> Data extract
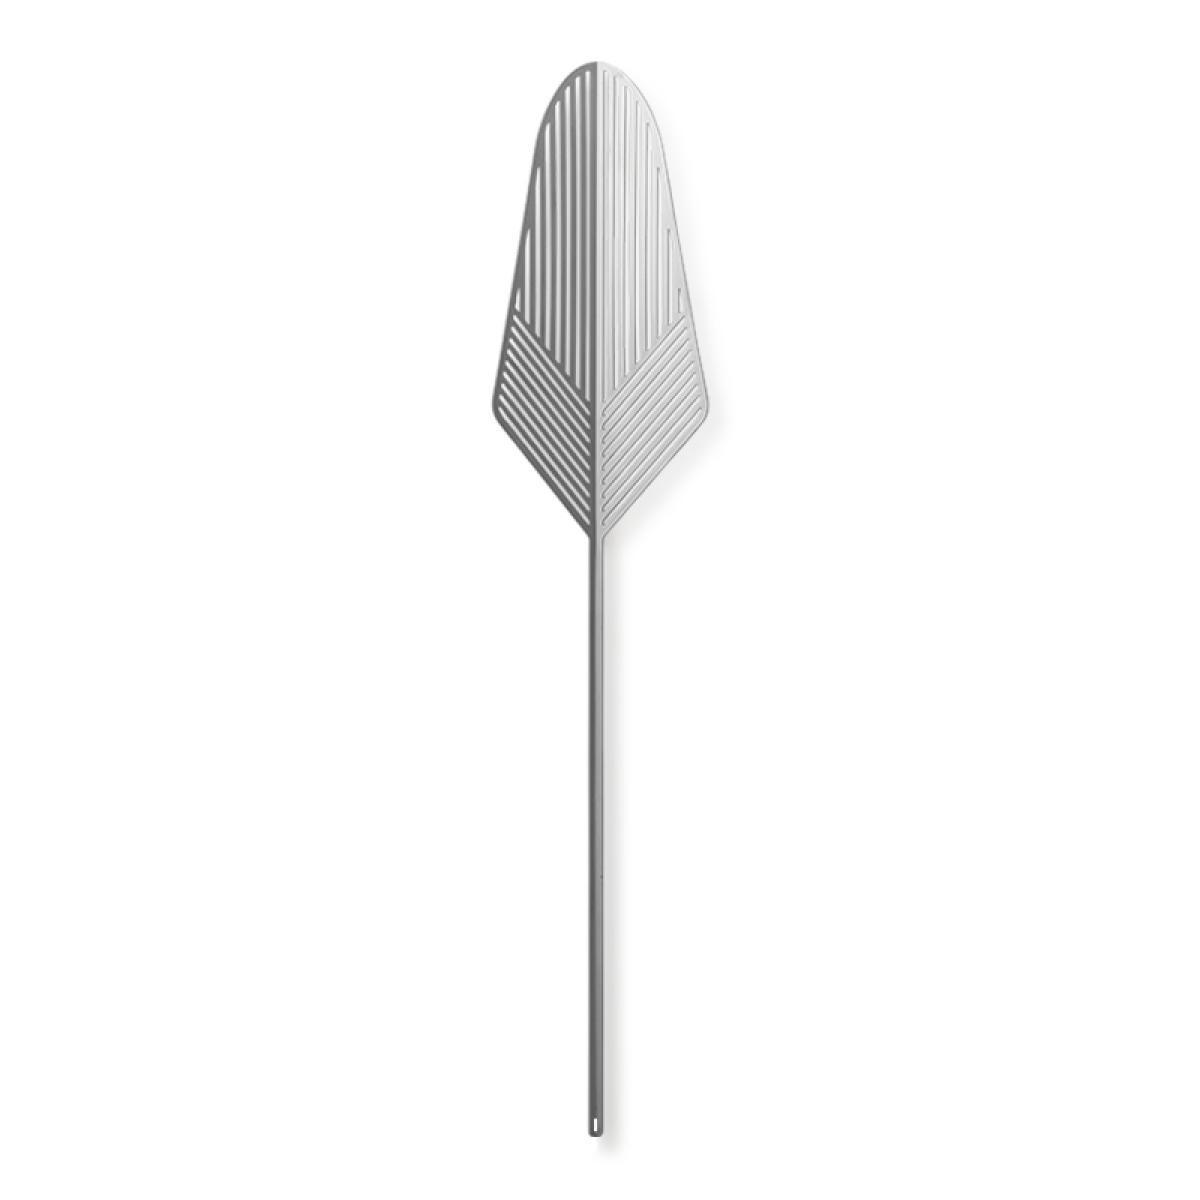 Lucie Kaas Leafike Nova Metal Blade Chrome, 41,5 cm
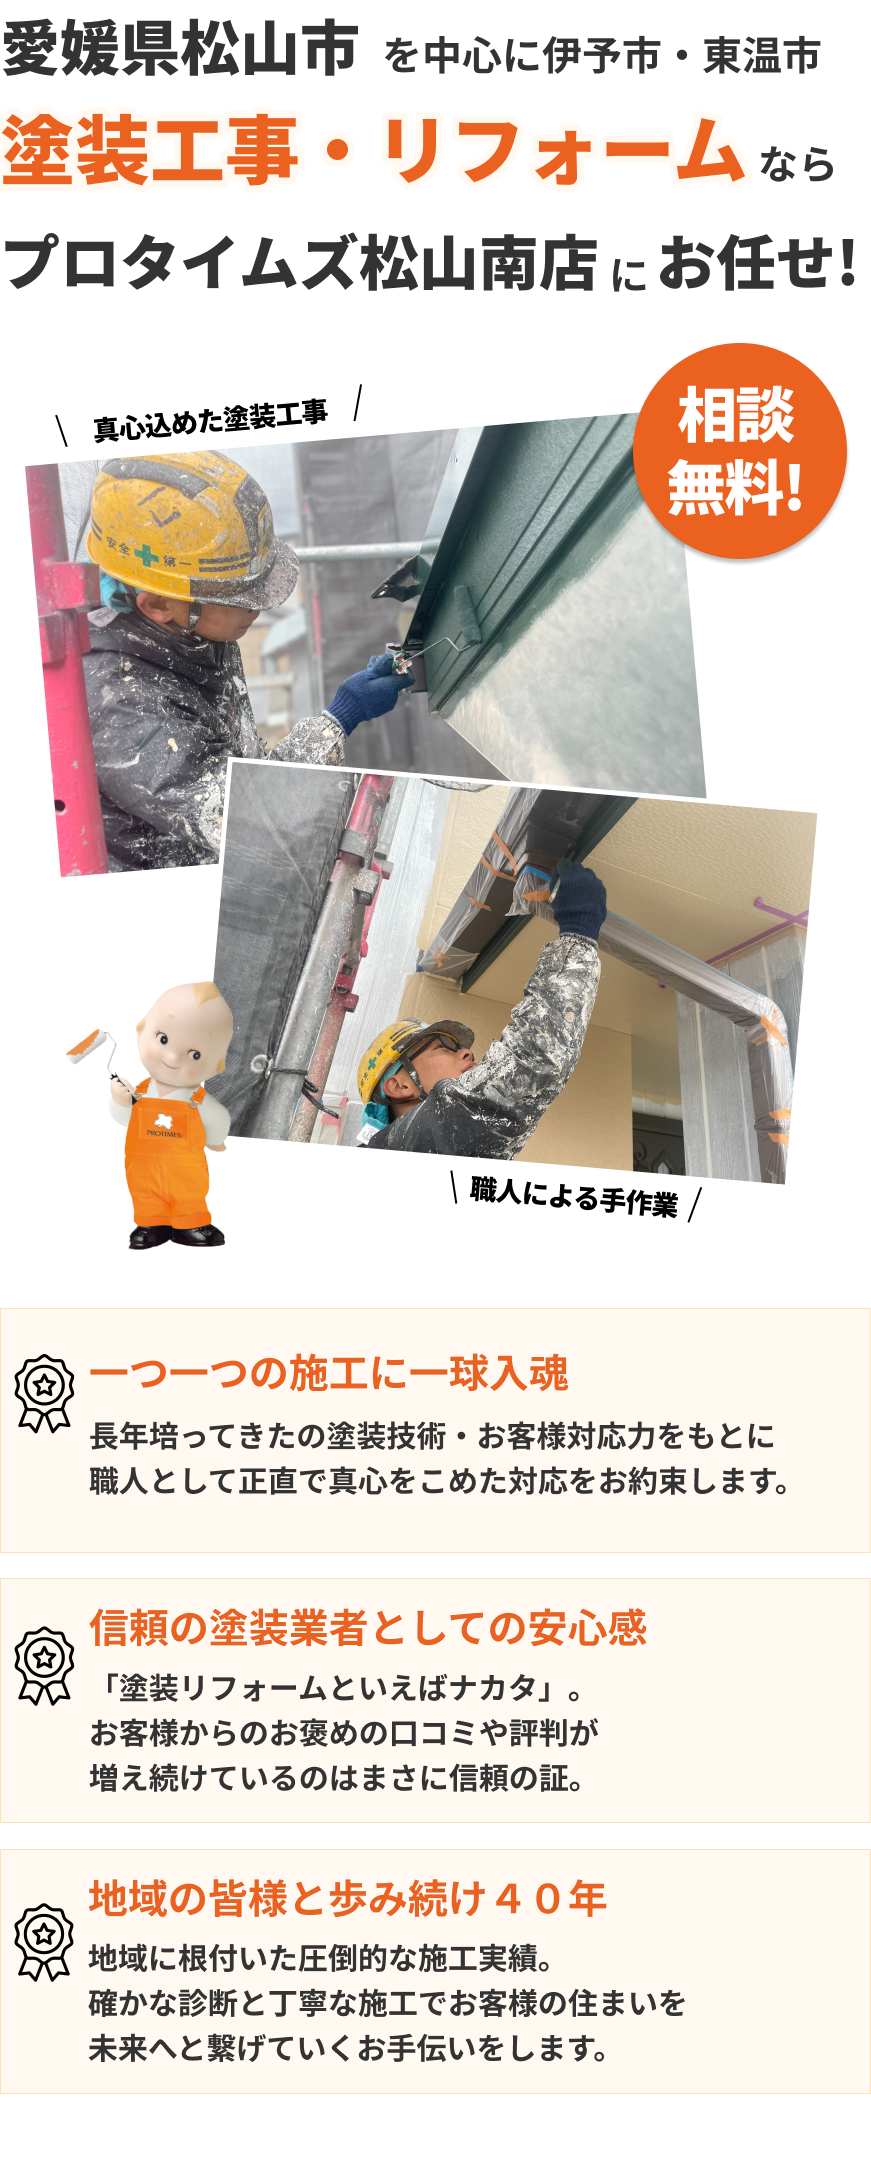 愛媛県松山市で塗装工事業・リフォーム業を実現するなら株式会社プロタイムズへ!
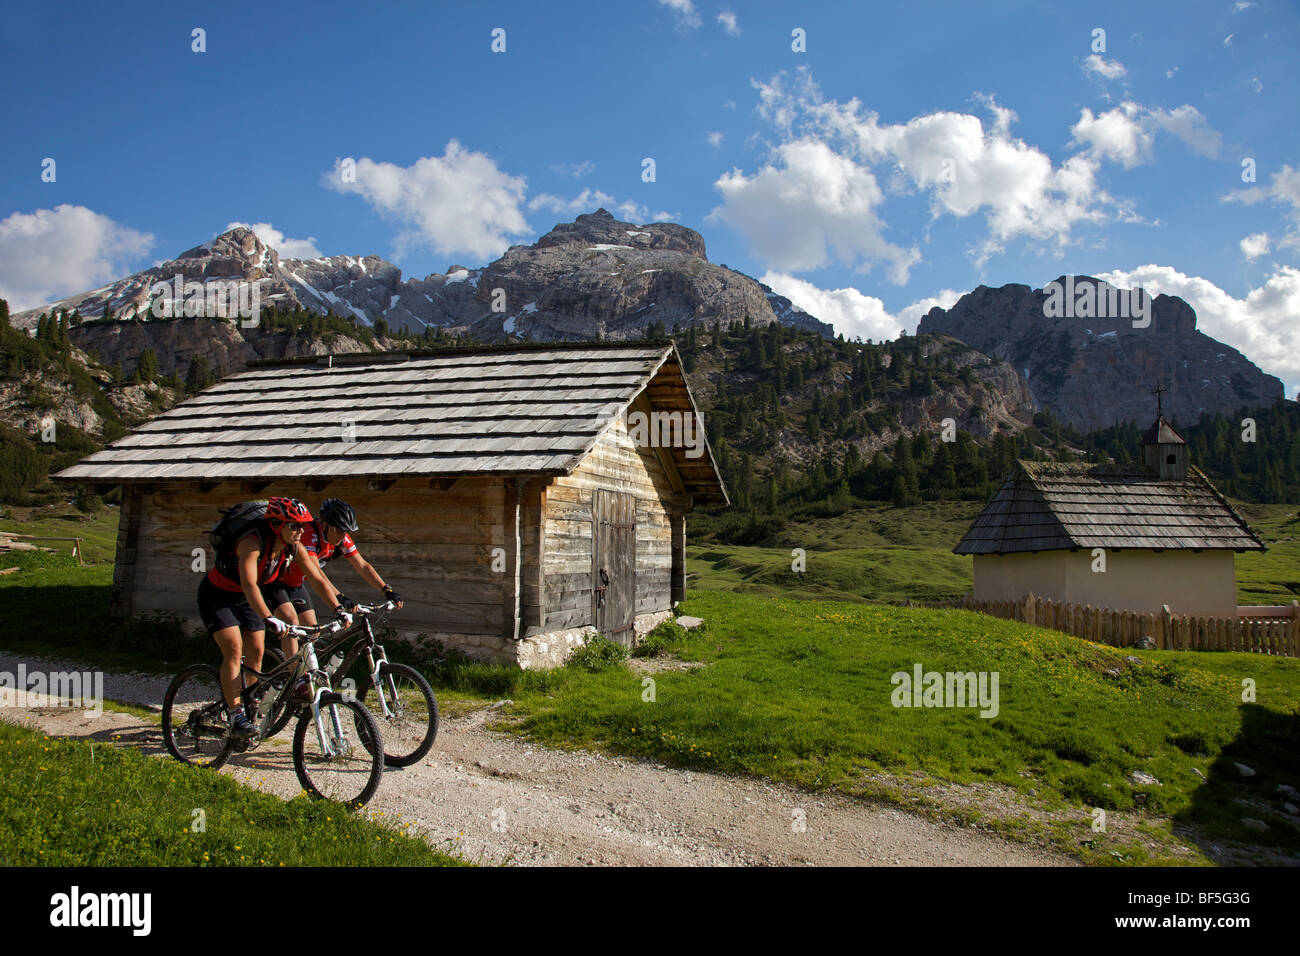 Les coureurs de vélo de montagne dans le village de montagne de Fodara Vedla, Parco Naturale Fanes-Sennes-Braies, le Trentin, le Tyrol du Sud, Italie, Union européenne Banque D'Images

> Description of the task
Write the listing out in full, exactly; no images.

> Written solution
 Lucie Kaas Leafike Nova Metal Blade Chrome, 41,5 cm
 愛媛県松山市で塗装工事業・リフォーム業を実現するなら株式会社プロタイムズへ!
 Les coureurs de vélo de montagne dans le village de montagne de Fodara Vedla, Parco Naturale Fanes-Sennes-Braies, le Trentin, le Tyrol du Sud, Italie, Union européenne Banque D'Images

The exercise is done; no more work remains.